TASK DETAILS>
Repeat the data word for word, excluding every picture.

DATA PROVIDED>
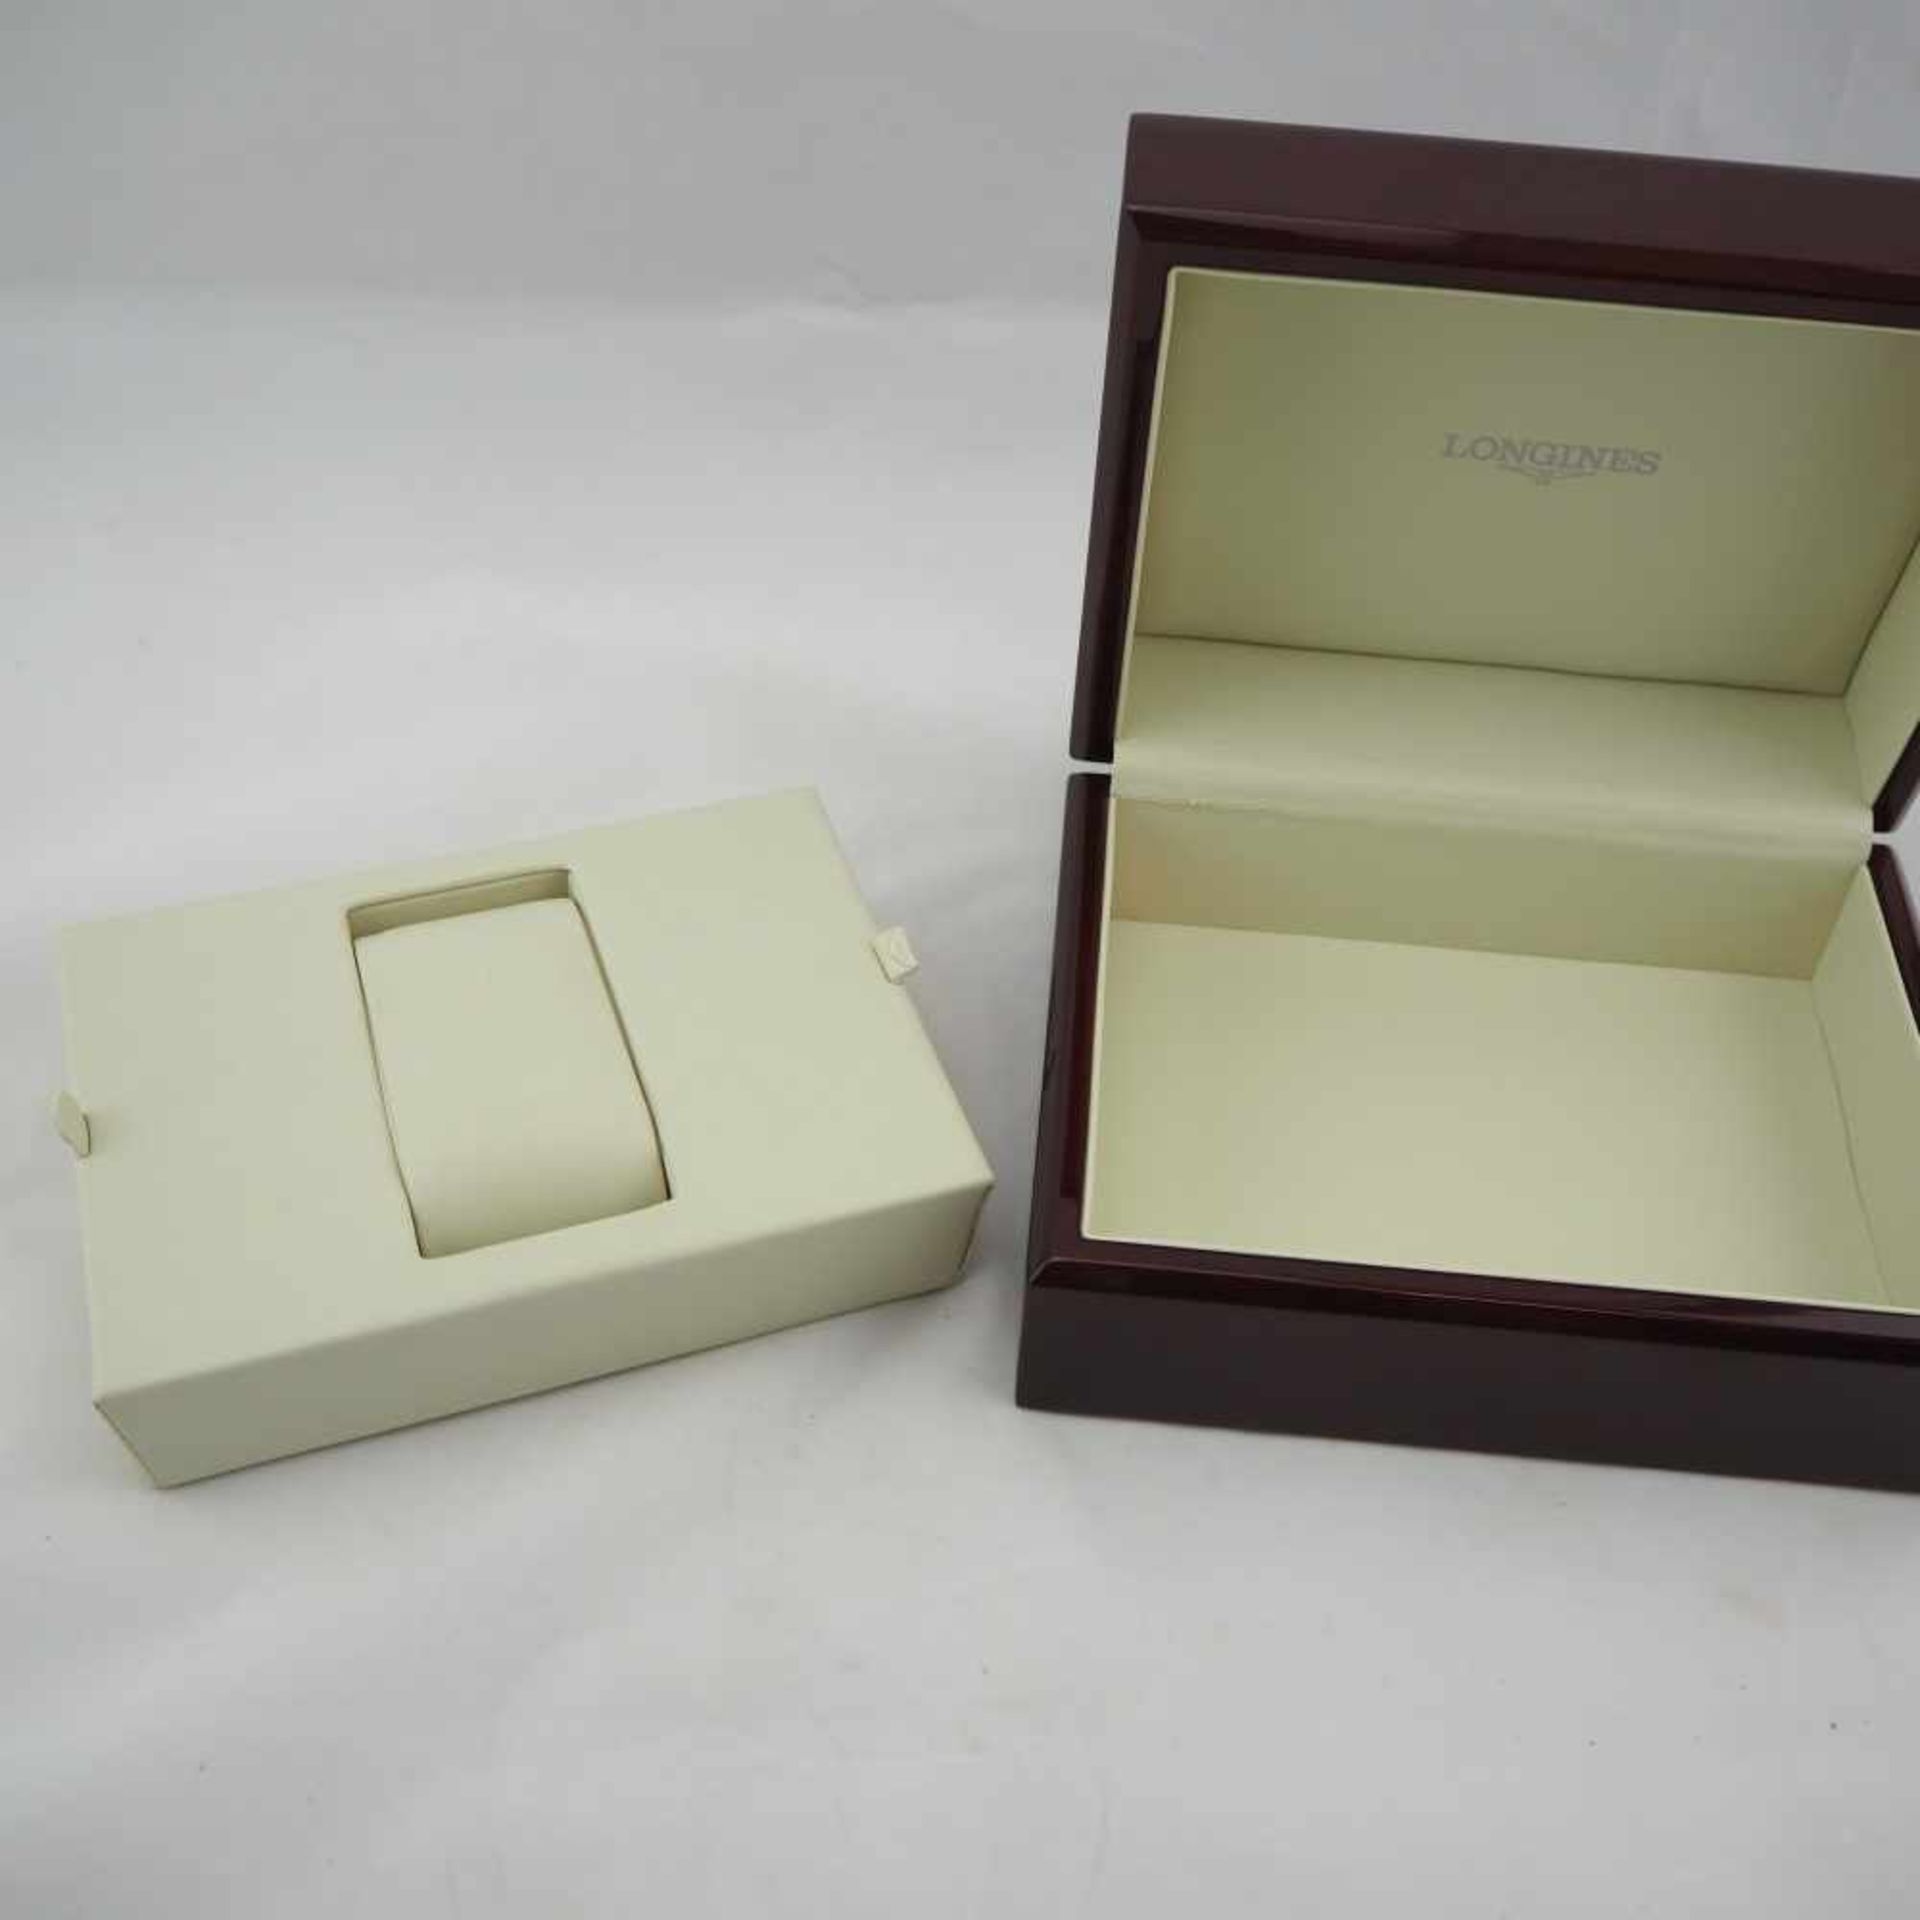 Uhrenbox "Longines", 70er JahreOriginal Box für Longines Herrenarmband-Uhr, in hochwertiger - Bild 3 aus 4
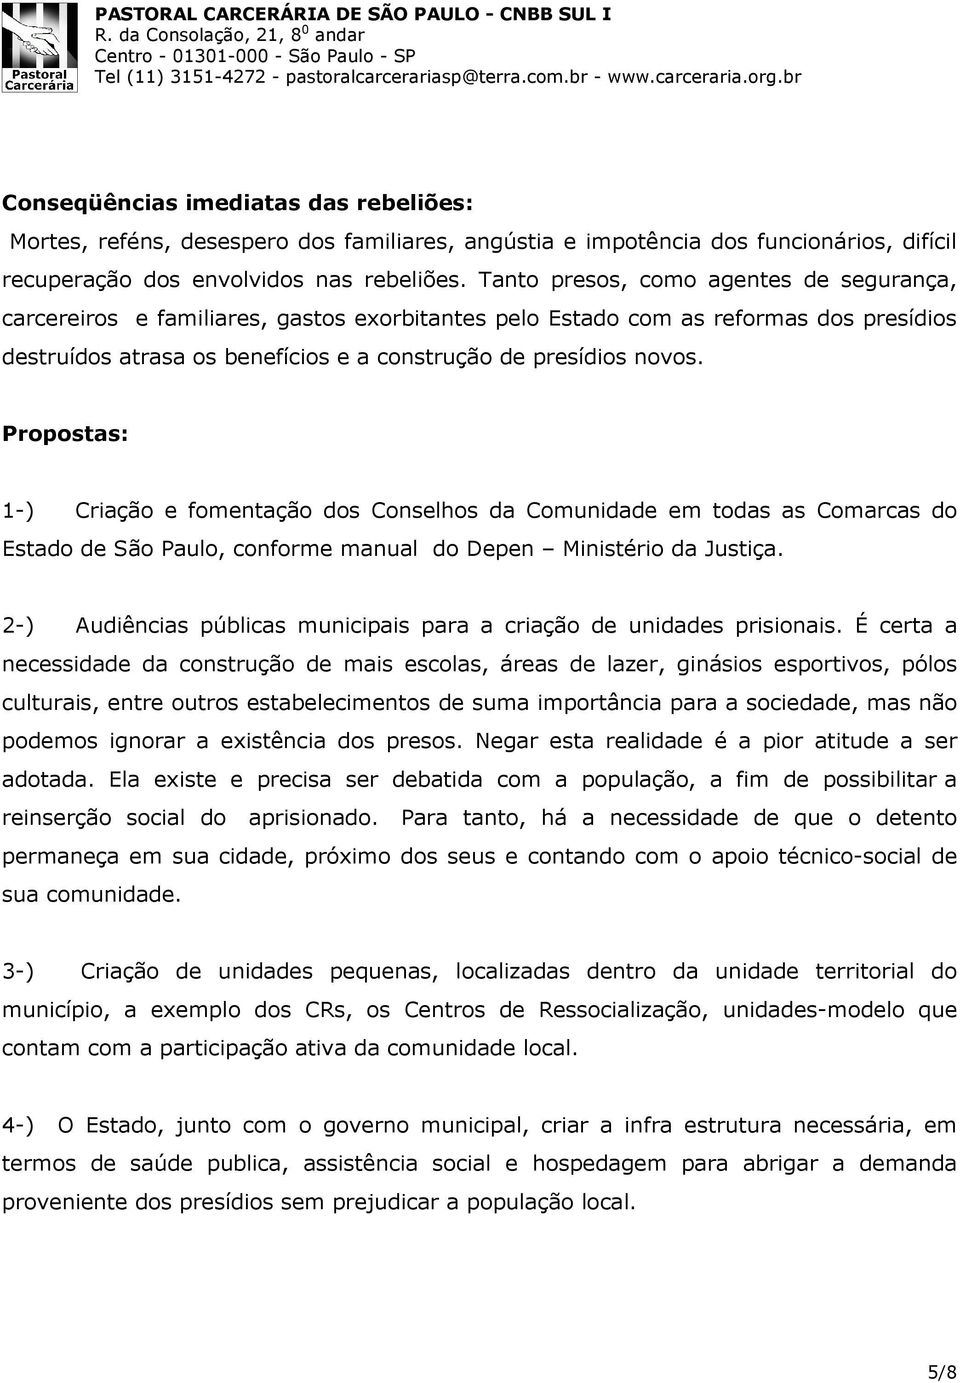 Propostas: 1-) Criação e fomentação dos Conselhos da Comunidade em todas as Comarcas do Estado de São Paulo, conforme manual do Depen Ministério da Justiça.
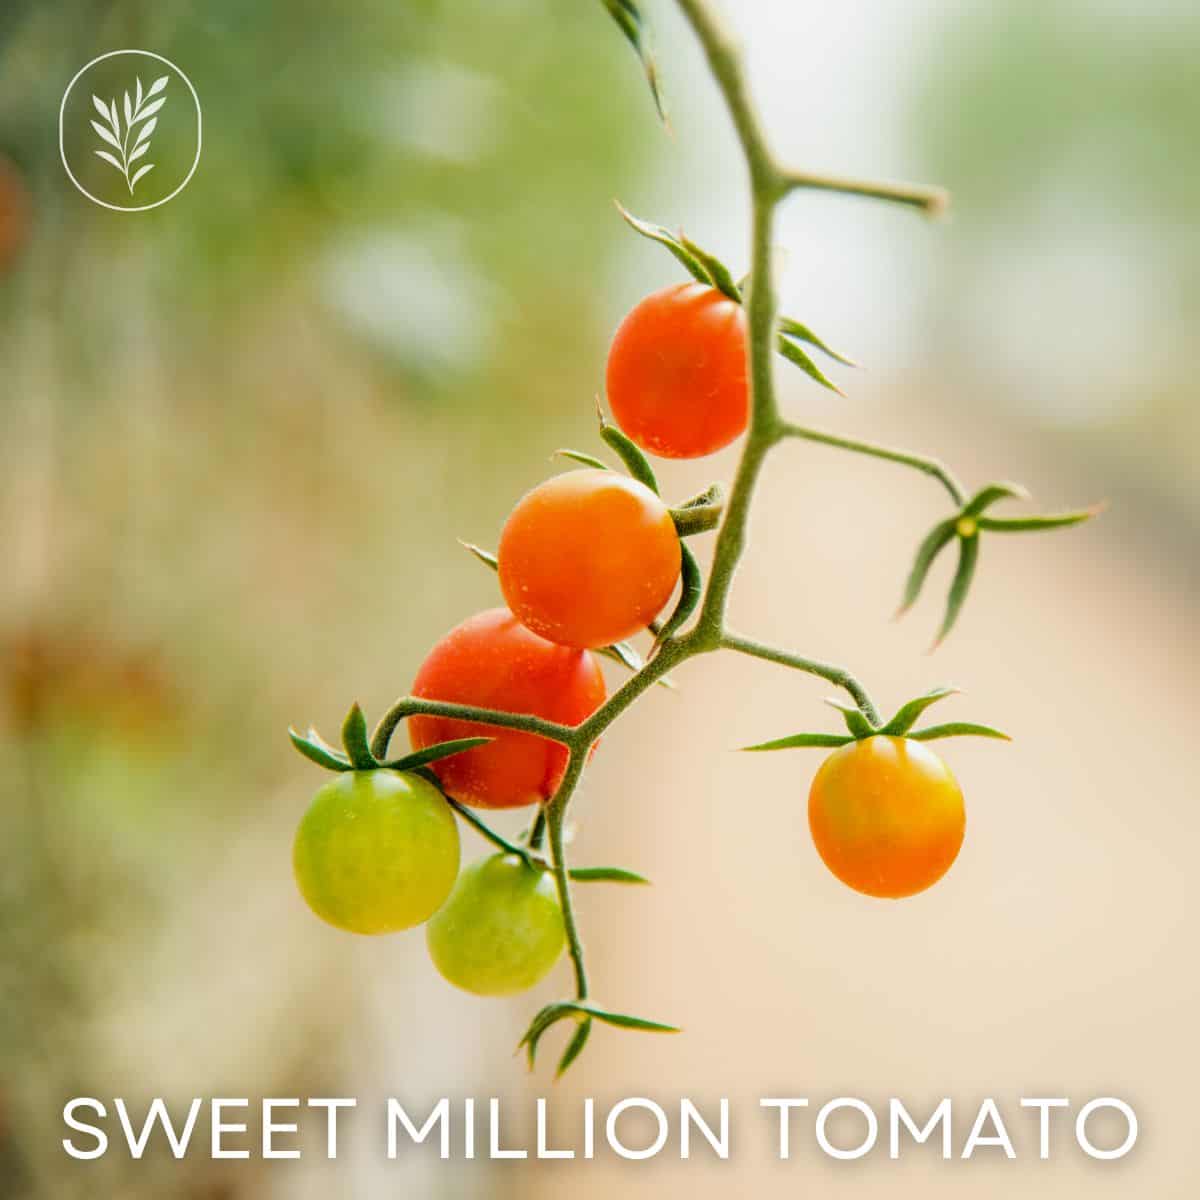 Sweet million tomato via @home4theharvest
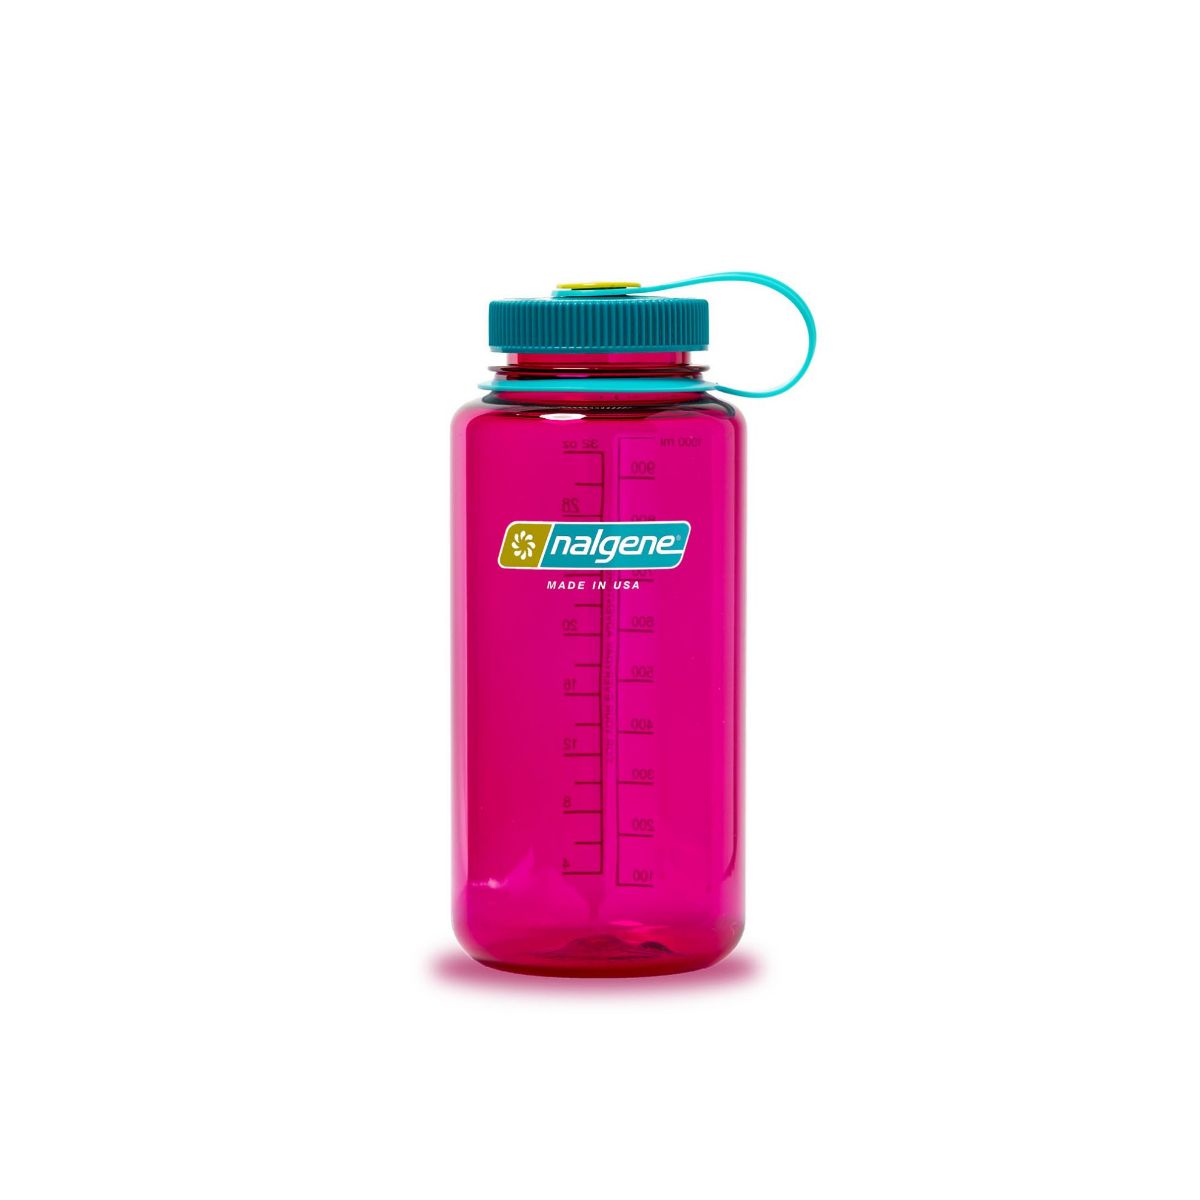 rosa drikkeflaske i BPA-fri plast med stor drikkeåpning.

YOUR RESPONSE>
 Uhrenbox "Longines", 70er JahreOriginal Box für Longines Herrenarmband-Uhr, in hochwertiger - Bild 3 aus 4
 Propostas: 1-) Criação e fomentação dos Conselhos da Comunidade em todas as Comarcas do Estado de São Paulo, conforme manual do Depen Ministério da Justiça.
 Sweet million tomato via @home4theharvest
 rosa drikkeflaske i BPA-fri plast med stor drikkeåpning.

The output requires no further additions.